But give me your attention a few minutes longer. I am almost at
the end. The affair in which we were concerned turned out very
badly. Willie was expelled; and when he had paid his fine, left
the city. To be sure, I went back to my home; but my merry life
was all over. Sad at heart, I spent my days on a nail in a dark
corner; and what I learned from time to time about my darling
from his parents' conversation did not help to lessen my sadness.
Trouble gnawed at the hearts of the two old people and rust
gnawed at mine. It was a lucky day for me that a change soon took
place in my circumstances. Willie's parents sold the house — it
was said, to pay their son's debts — and I passed into other
hands, — hands which cleaned away the rust from me, and by
repeated oilings restored my lost virtues.
“I have never heard a word about Willie's parents; but himself I
have seen once since then, and this meeting I will tell you about
to-morrow. For the present, good night.”
“Good night, house-key! “
On the following morning, when I awoke somewhat later than usual,
my house-key was hanging silently on its nail, and to my
fainthearted“good morning” gave no reply. “Probably,” I thought,
“he speaks only at midnight; or, still more probably, it was all
a dream.” The last supposition seemed to me more and more likely,
in proportion as sleep left my limbs. “How can one dream such
foolish stuff!” I said to myself; “the home-made wine and the gay
conversation of last evening were to blame for it.” I dressed
myself and went to my daily work, which, like yesterday, I
crowned with a visit to the Green Hedgehog.
“Now we shall soon see whether I was dreaming or not,” I said, as
I returned to my room towards midnight. “How are you, old housekey?”
“Thank you for the kind inquiry; very well,” sounded the answer.
“I am always feeling well when I have breathed the fragrance of wine.”
So it was a fact, and no dream. I opened the window and put my
head out. A falling star made a bright arch in the sky, and
across from the cathedral sounded the striking of bells. I pulled
my ear. No, I was not dreaming. I really possessed a talking house-key.
“May I talk with you again a little while?” he asked courteously.
“Nothing would please me better,” I replied, politely put out the
light, and stretched myself at full length on my bed.

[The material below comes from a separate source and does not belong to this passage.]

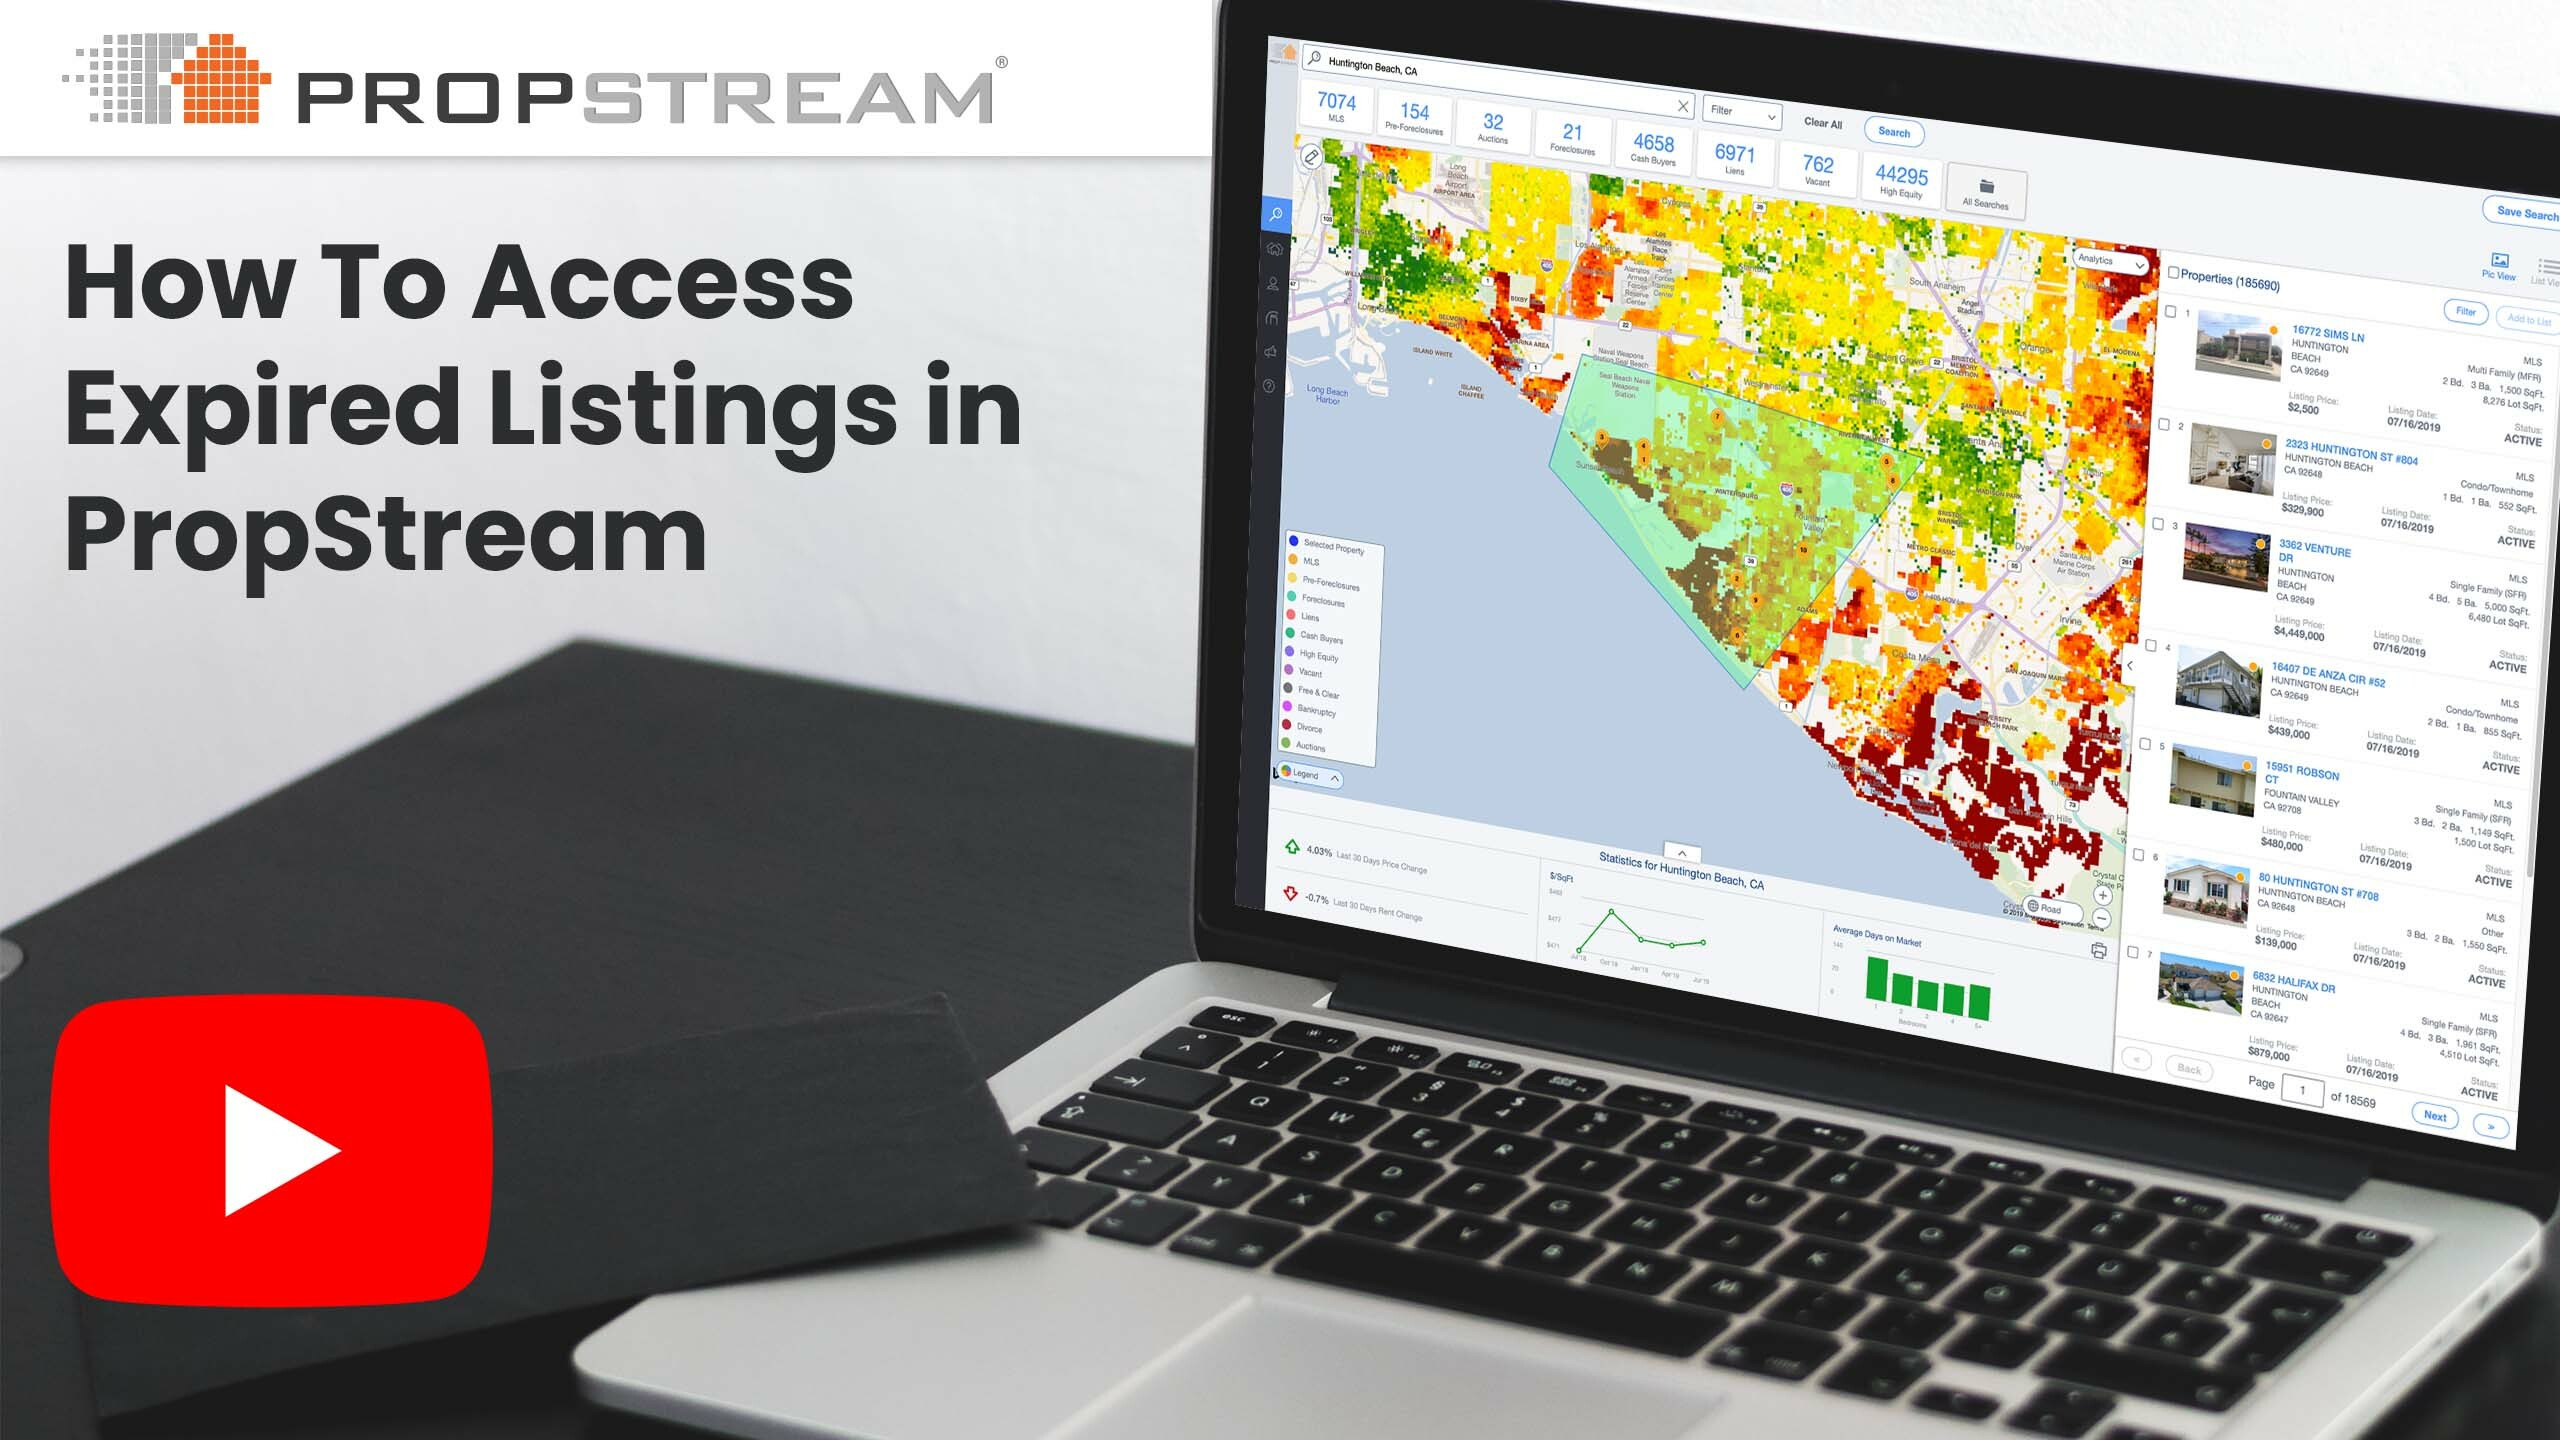 How To Access Expired Listings in PropStream

“About two years after the event I last described,” began the
key, “I was in the service of a man who had this very room which
you now occupy, and who, like you, lived by writing. He was not
very old then, but his thin hair was already turning gray, and
gray was also the color of his wrinkled face. It seemed to be his
favorite color, for he usually wore gray clothes too, and even
gray spectacles; gray dust lay on his books, and gray ink flowed
from his pen on grayish paper.
“This man possessed the faculty of seeing the imperfections of
anything at the first glance. When he took me for the first time
in his hand he immediately spied the scar which I carry as a
remembrance of the time when I served as a key-pistol. 'Patched!'
he said, with a spiteful laugh, and pushed me away from him. When
the morning sun looked in at the window to greet him, he spoke of
sun-spots; when the moon rose in the evening above the gabled
roof, he would say, 'She has neither air nor water'; and if he
went out into the park in May-time, he did not see the young
leaves and the white blossoms, but only the caterpillars on them.
“There was a good reason for the gray man's bitter manners. He
had made a compact with Gallus, the ink-devil, who all day long
sat in a great dust-covered inkstand and came out at night to
squat on the paper-weight and help his master write. But the
suggestions of a wicked ink-devil are not as sweet as honey. The
gray man was a so-called critic. Do you know what that is?”
“I know what it is; go on, house-key, go on!”
“My owner seldom made use of me. The crabbed man never went into
gay company, therefore he often visited the theatre, and then he
took me with him, so I am under some obligation to him for
enlarging my knowledge. To be sure, he seldom remained long, but
usually left the house soon after the first act, which in no way
prevented him from criticising the rest.
“One evening he took me - as it seemed to me, with an uncanny
laugh — from the nail, examined my mouth, put me in his pocket,
and went out of the house. By the direction which we took, and
the length of the way, I concluded that the gray man was going to
a theatre in the suburbs; and so he was. He went in and took a
seat. They were tuning the instruments in the orchestra; the
doors of the boxes slammed; a humming sound gave reason to
conclude that the house was filling up; the music began; the
curtain rose, and the play commenced. I could only follow it
intelligently with my ears, for my seat was in my master's dark
coat pocket, and the opera glass, which repelled all my attempts
to get nearer with haughty silence, was often the object of my
envy. To-day the play was to be a play for me in the true sense
of the word, for my master took me out of my dark dungeon and
allowed me a look at the audience and the stage.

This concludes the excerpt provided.